In einer Szene wird uns etwa minutenlang und sehr genau die weltpolitische Lage zur Zeit des Kalten Kriegs erklärt, als hätten wir spät nachts auf einen Nachrichtensender gezappt.
Ein paar Minuten später miaut ein Mann namens Revolver Ocelot dramatisch in den Himmel, um seine Truppe herbeizurufen.
Wir führen wir mit einer Frau, die für Snake Mutterfigur, Geliebte und Mentorin gleichzeitig ist, ein philosophisches Gespräch darüber, was es bedeutet, ein Soldat zu sein und für sein Land einzustehen.
Danach treffen wir auf einen Mann, dessen Spezialfähigkeit es ist, Hornissenschwärme zu beschwören. Hornissen, die der miauende Kerl später mit seinen Revolvern abwehrt, indem er sie wie Helikopter-Rotoren um seine Finger kreisen lässt.

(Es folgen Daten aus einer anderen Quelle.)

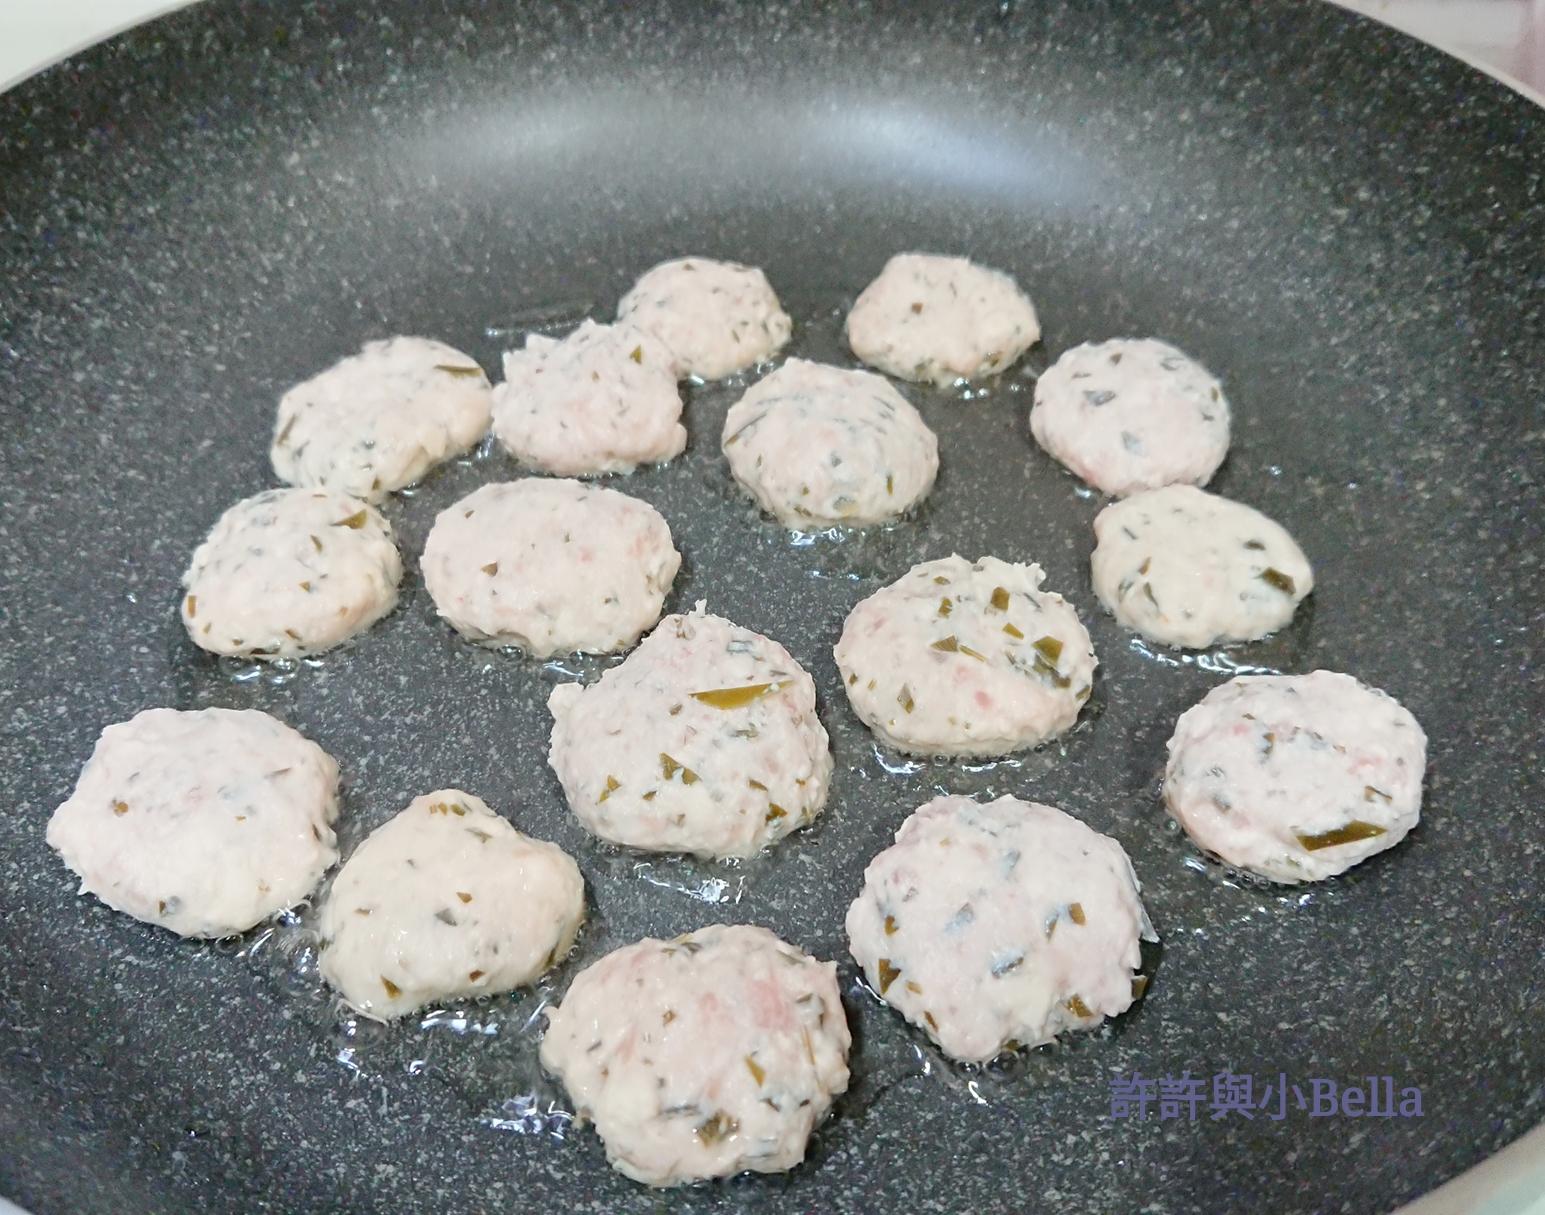 BB食譜:軟綿綿迷你昆布豆腐漢堡扒|許許與小Bella

Von einer Spionin, der wir in den Cutscenes per Knopfdruck auf die Brüste starren dürfen, wird Revolver Ocelot in einer anderen Szene per Motorrad-Rückwärtssalto umgehauen. Auf seinem Gesicht befindet sich dann ein Reifenabdruck. Diese Spionin hält gegen Ende des Spiels einen Monolog und es besteht eine sehr gute Chance, dass ihr Tränen in den Augen habt, wenn sie damit fertig ist.